Выбрать главу

Очередь до меня дошла на перевозе только к 4 часам утра, когда мне и удалось добраться до своей квартиры. На следующий день я перебрался к своим родителям на Кирочную. С утра я был в Красном Кресте и в Центральном комитете о военнопленных, из окон которого все смотрели на Петропавловскую крепость, занятую еще большевиками и окруженную войсками, которым большевики были принуждены сдаться без всяких условий.

Вечером я был у Снежковых, которые еще были под впечатлением того, как 3-го июля, идя по Литейному, они попали навстречу большевистской манифестации и должны были спрятаться на лесенке в подвальный магазин, когда началась стрельба. На следующий день я видел около Николаевского вокзала полк, приведенный с фронта для подавления восстания. Вид у него был довольно не боевой. И днем, и ночью несколько раз в различных частях города поднималась стрельба: говорили, что это анархисты стреляют по войскам.

В этот день я сделал доклад в Центральном комитете о моей командировке, который, кажется, всех заинтересовал. Больше всего внимания привлекло к себе предложение немцев устроить конференцию по делам о военнопленных. Вопрос этот был, двинут довольно быстро, и уже через 10 дней я выехал вновь в Стокгольм. Вторым вопросом, которым заинтересовались, был вопрос о перевозке инвалидов.

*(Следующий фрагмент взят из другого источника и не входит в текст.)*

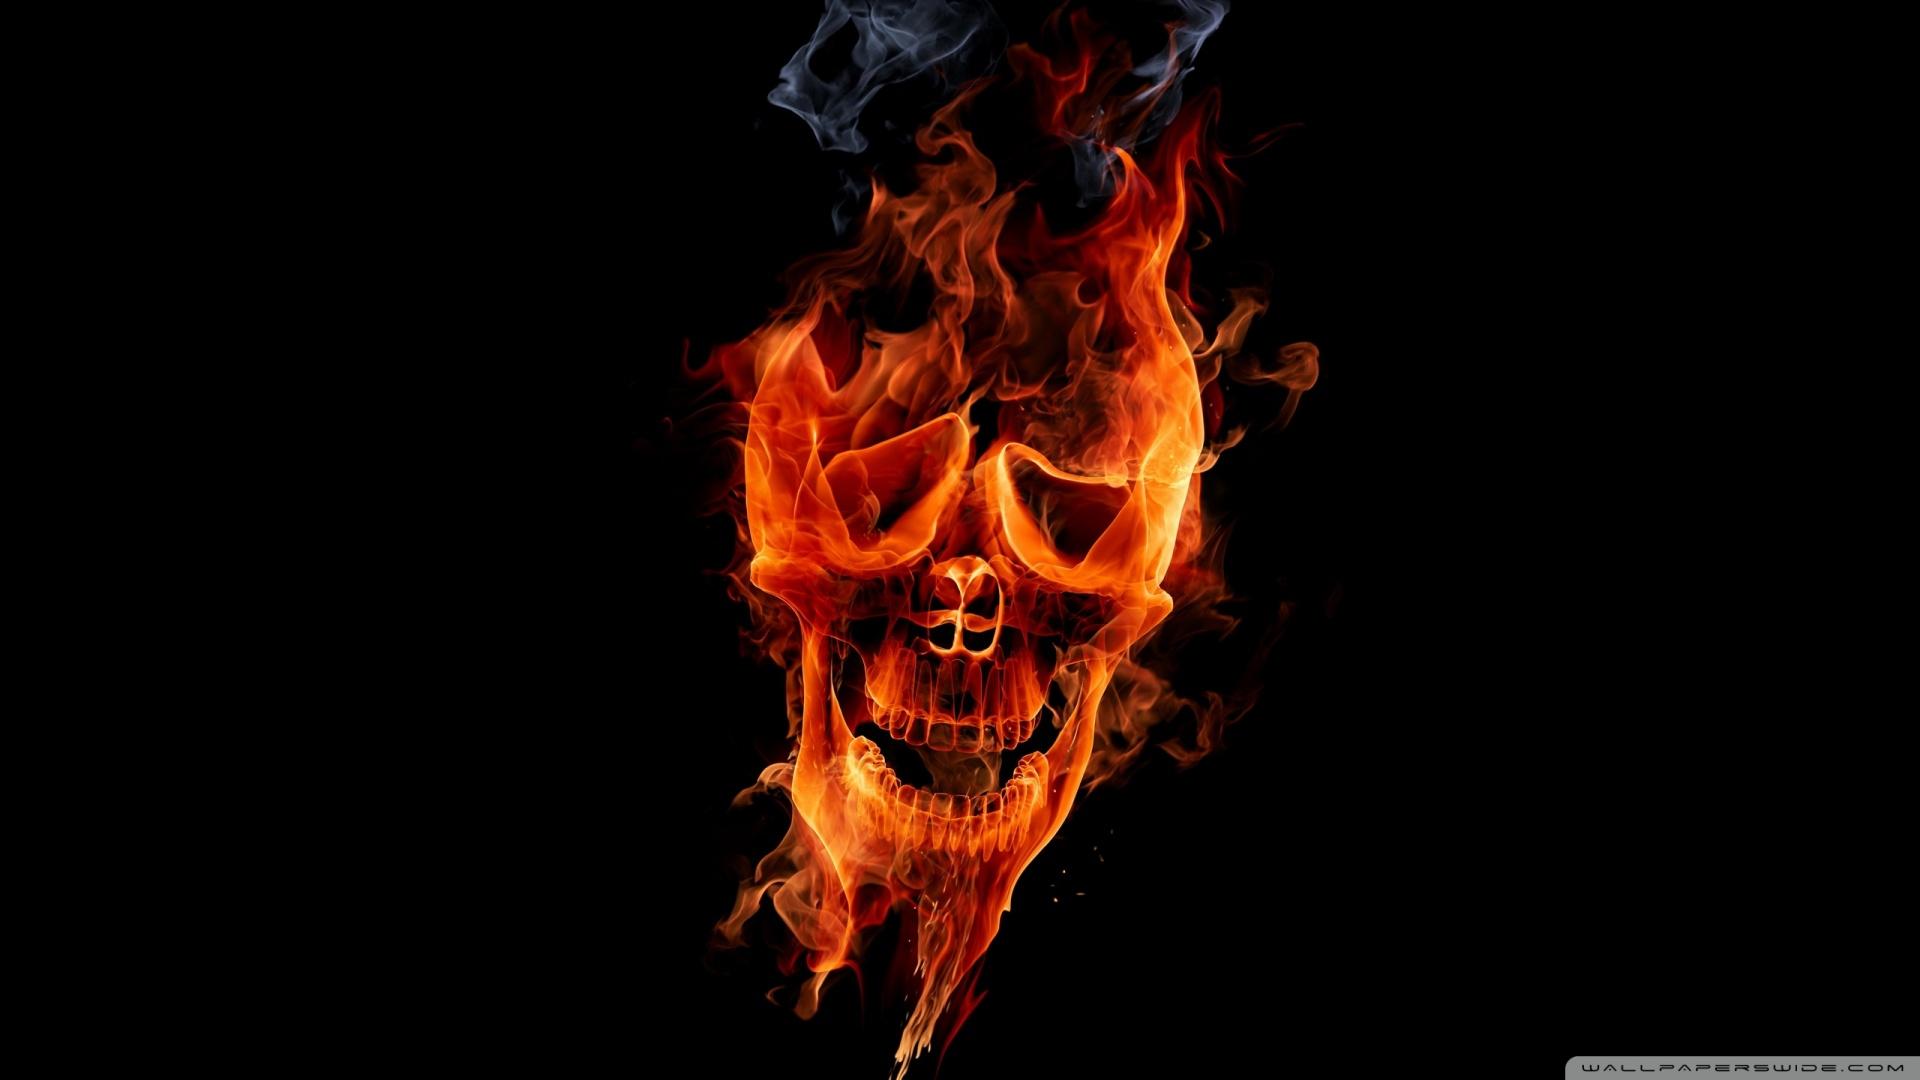 Fire Skull HD desktop wallpaper High Definition 1920x1080

Так же, как и с посылками, Швеция не могла ускорить их пропуска, на чем у нас очень настаивали. У кого-то явилась мысль наладить их перевозку чрез Варну или Констанцу. По этому вопросу меня попросили переговорить в Морском министерстве. Отправился я сперва к С. Кукелю, двоюродному брату жены, после революции из капитанов 2-го ранга выскочившему в товарищи министра вместе с капитаном 1-го ранга Дудоровым. Будучи специалистом по подводному плаванию, он был вообще образованным человеком. Он мне не мог, однако, дать ответа, и направил к Капнисту, брату думского Капниста 2-го и бывшему предводителю дворянства, а ныне начальнику Морского Генштаба. От него я получил совершенно определенный ответ. И Варна, и Констанца были нами заминированы, дабы воспрепятствовать выходу оттуда немецких подводных лодок. Если бы теперь разрешить проход чрез минные поля каких-либо судов, то за ними прошли бы и подводные лодки, и вся наша громадная работа потеряла бы свой смысл.

Во время моего отсутствия работа Гос. Думы окончательно замерла: Дума потеряла всякое значение, затененная Временным правительством, а главное Советом рабочих и солдатских депутатов. Собирались члены Думы, особенно умеренные, у Родзянко, но больше для обмена мнений, никакой же работы Думой, как таковой, не производилось. В это время уже начались разговоры о созыве Государственного совещания, но в определенную форму они еще не вылились. И даже когда, за два дня до отъезда, я встретился с Н. И. Антоновым и Н. Н. Львовым за завтраком у Донона (где все еще оставалось таким, как было до войны), казалось, что это совещание не состоится. Родзянко, у которого я был два раза за это время, громил Временное правительство, но сам ничего лучшего не предлагал. Было ясно, что он и сам совершенно выбит из колеи.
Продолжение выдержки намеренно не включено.